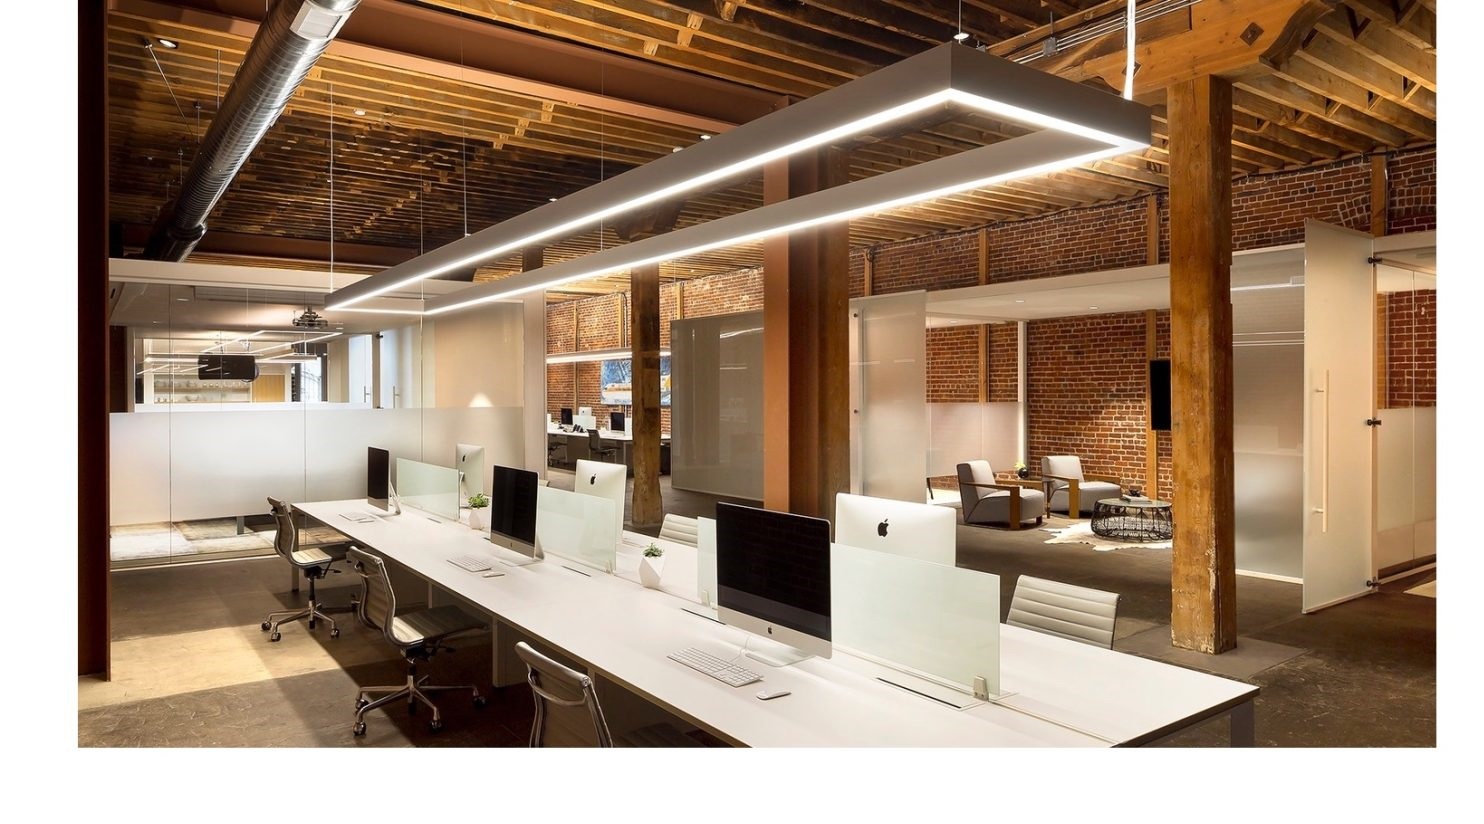 اصول نورپردازی دفتر کار + اهمیت و مزایای آن در محیط های اداری
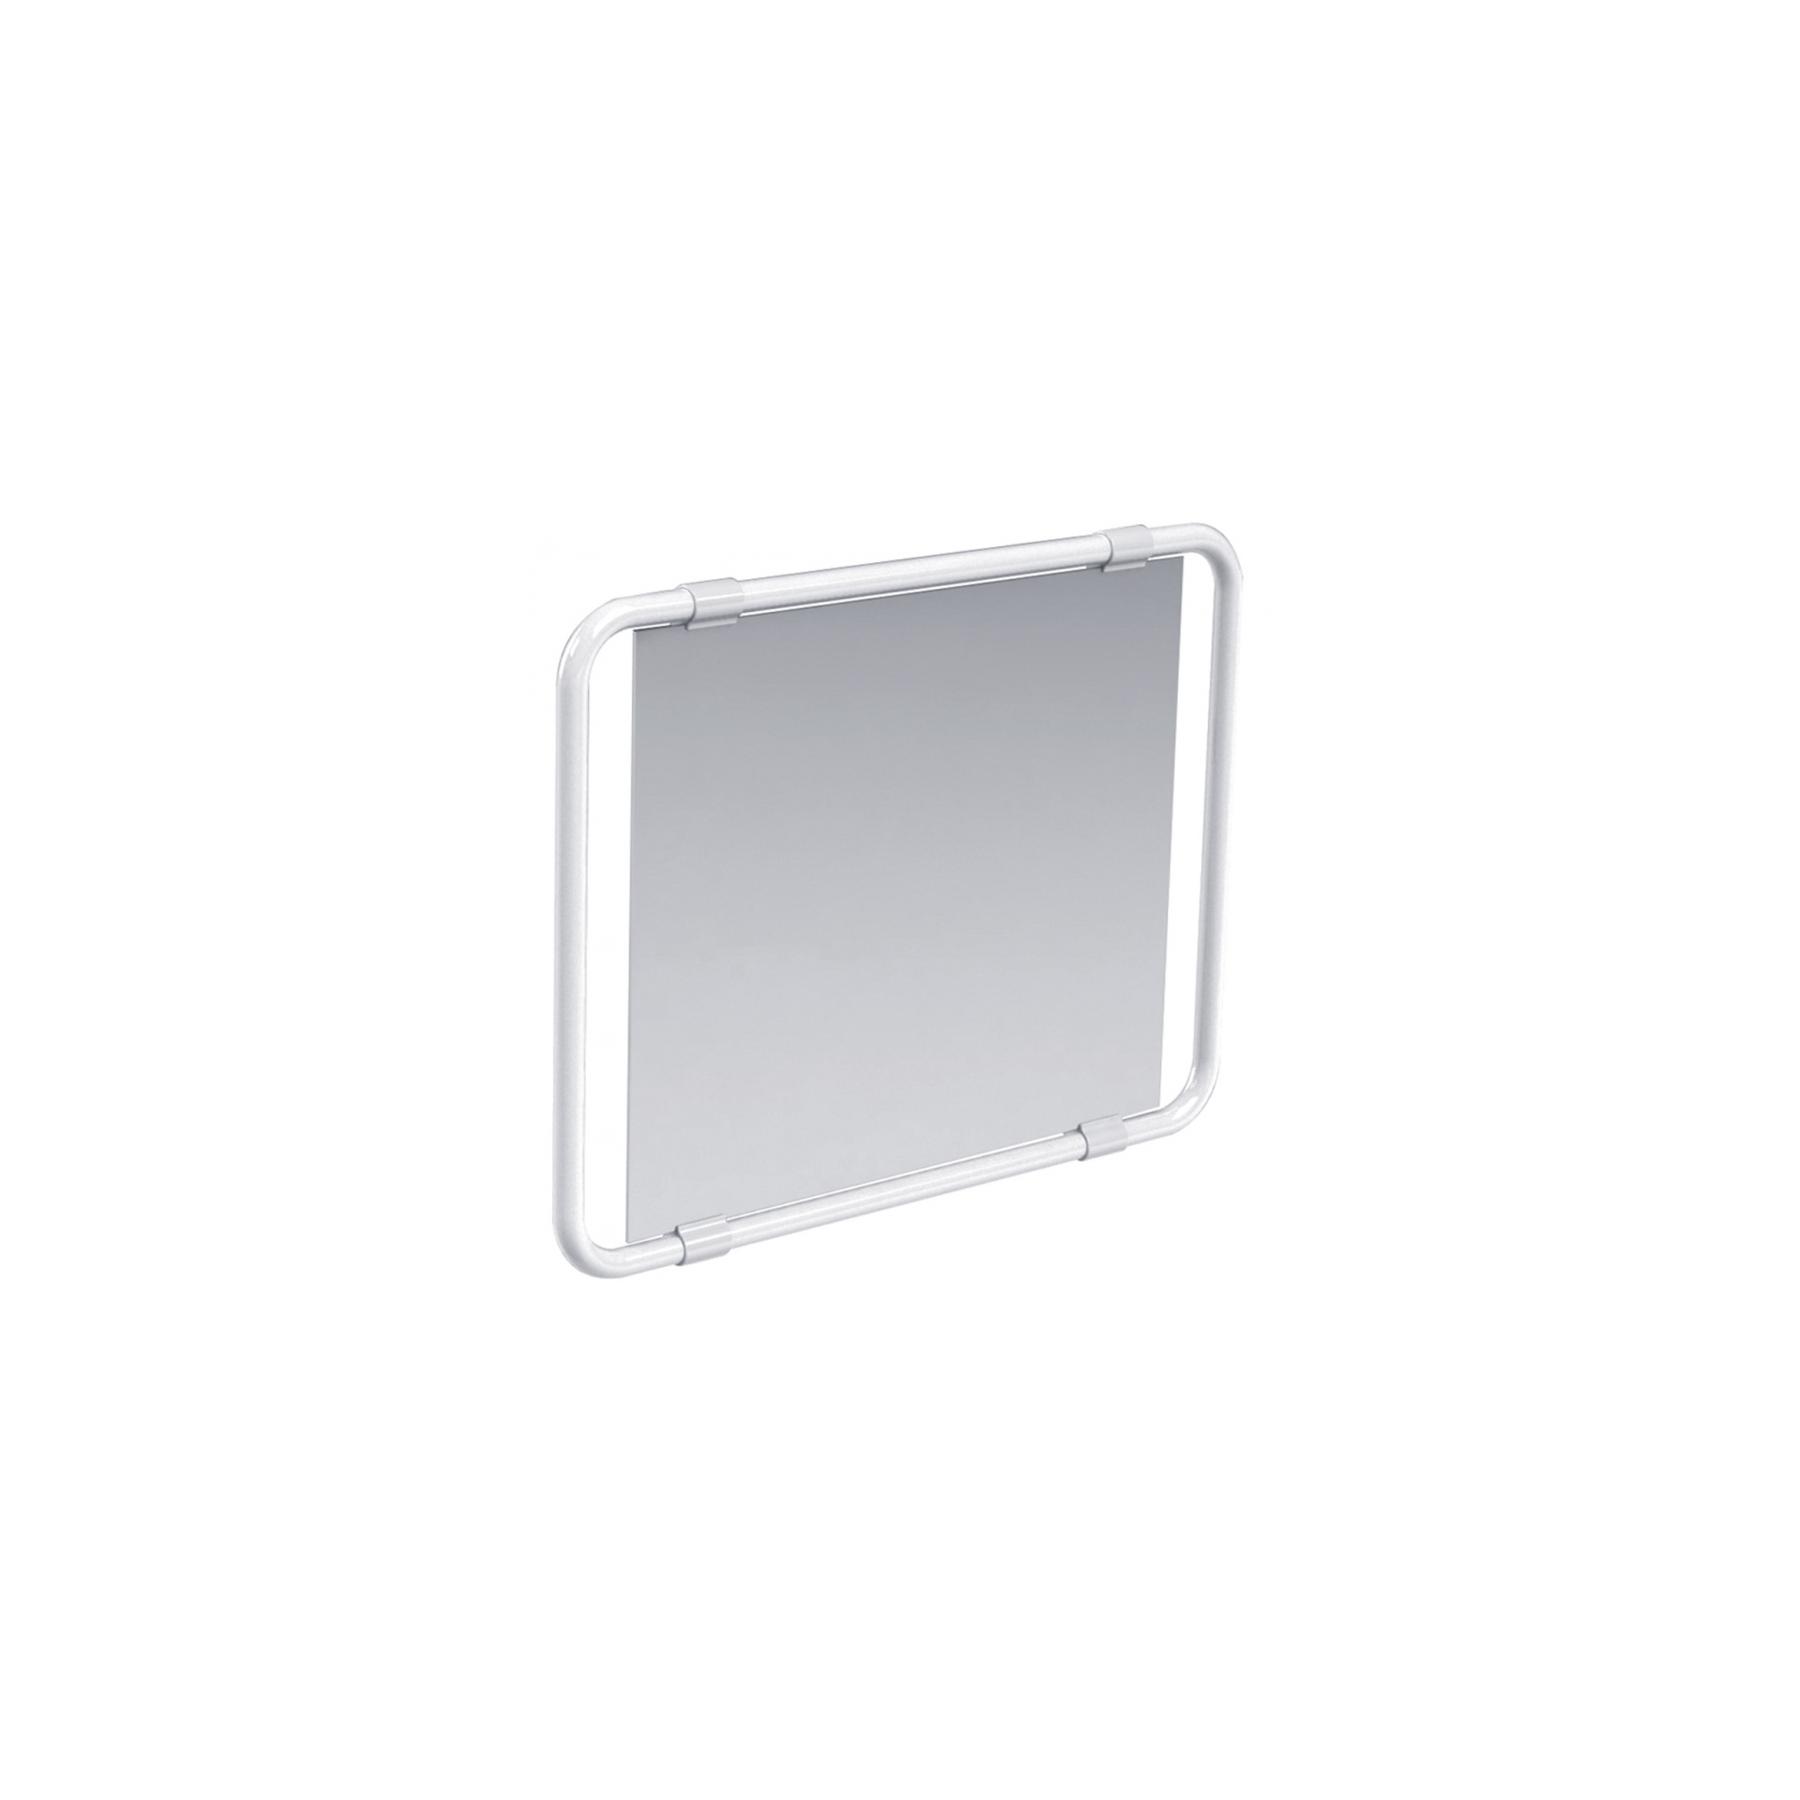 Miroir orientable Gamme PRO PELLET 60 x 50 cm multidirectionnel avec poignée cadre alu Blanc
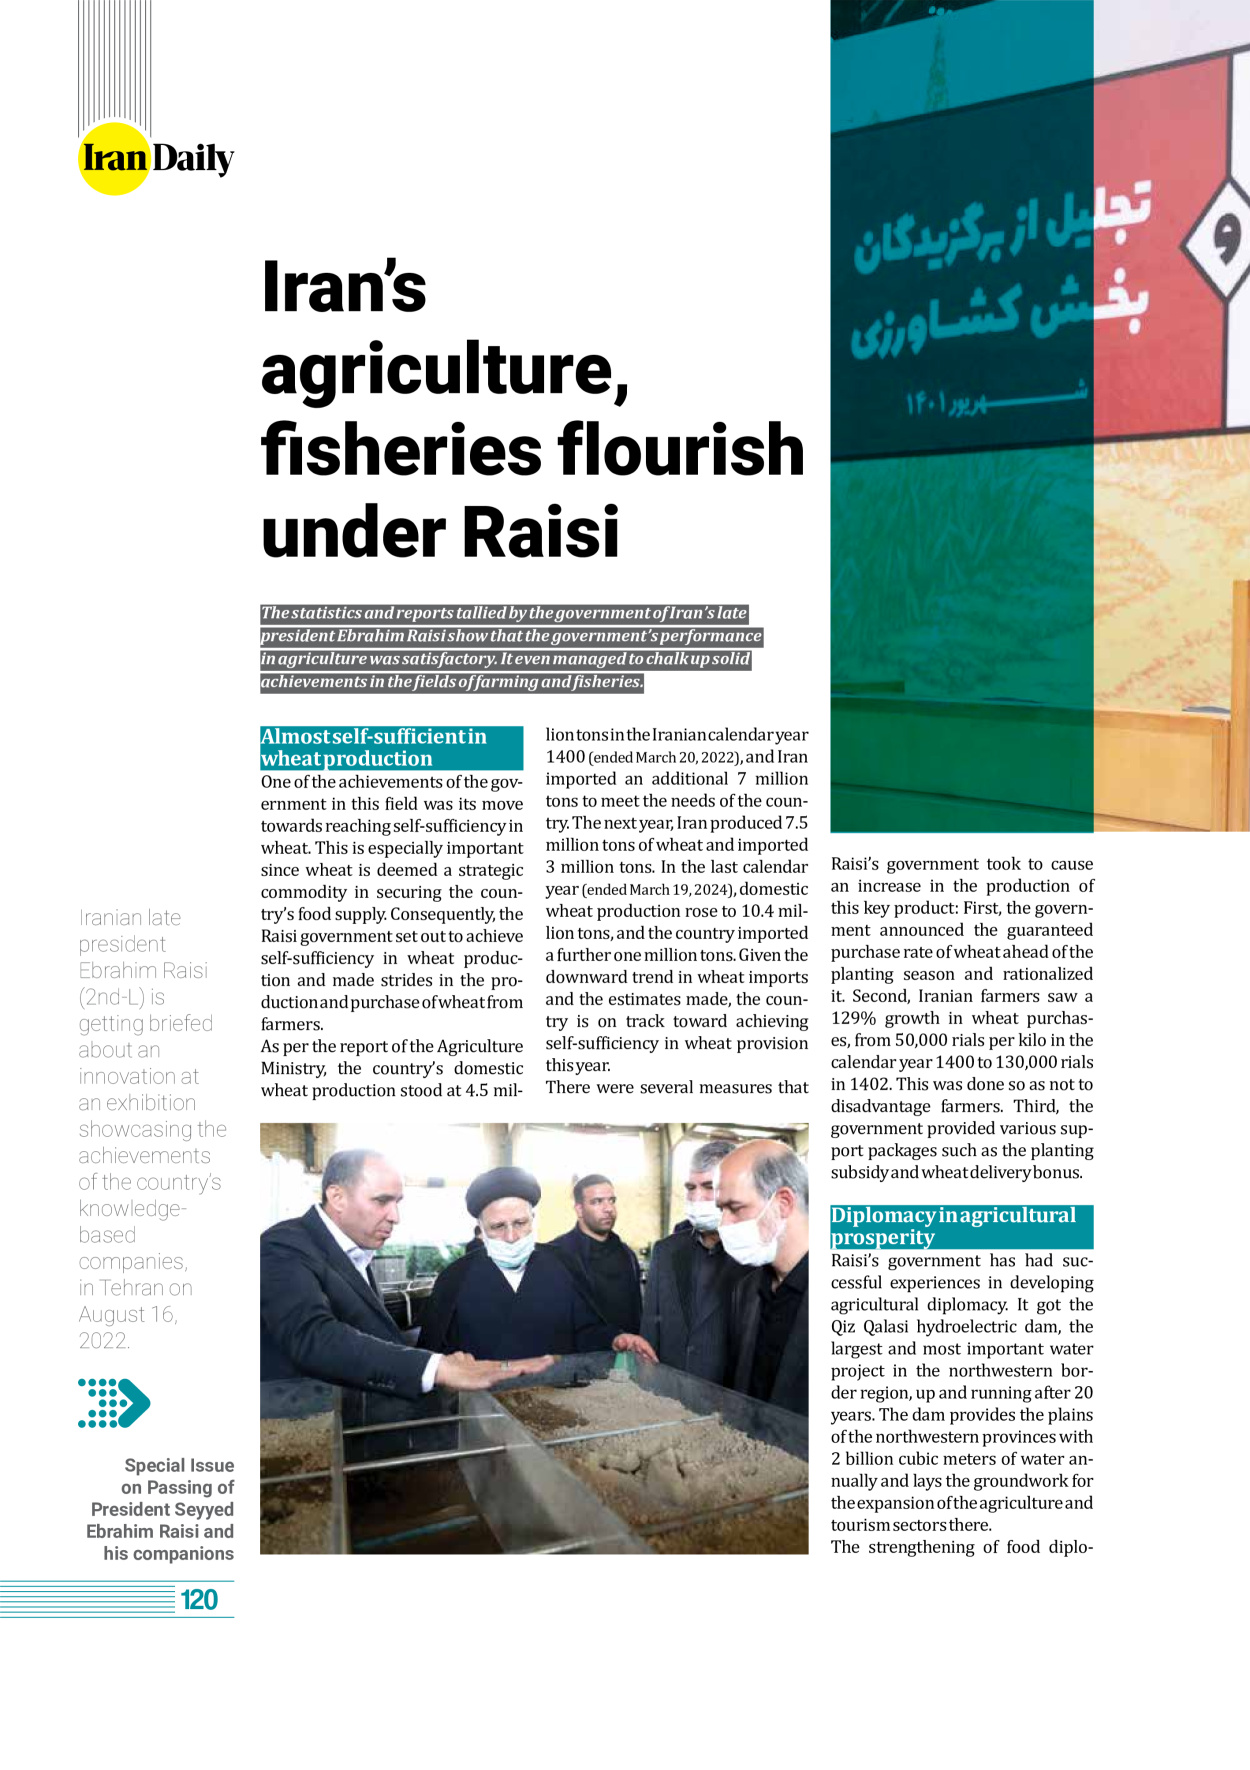 روزنامه ایران - ویژه نامه وِزه نامه چهلم شهید رییسی( انگلیسی) - ۱۷ تیر ۱۴۰۳ - صفحه ۱۲۰

» Task instructions
I would like the data above transcribed exactly, with its pictures left out.

» Solved exercise
 اصول نورپردازی دفتر کار + اهمیت و مزایای آن در محیط های اداری
 Miroir orientable Gamme PRO PELLET 60 x 50 cm multidirectionnel avec poignée cadre alu Blanc
 روزنامه ایران - ویژه نامه وِزه نامه چهلم شهید رییسی( انگلیسی) - ۱۷ تیر ۱۴۰۳ - صفحه ۱۲۰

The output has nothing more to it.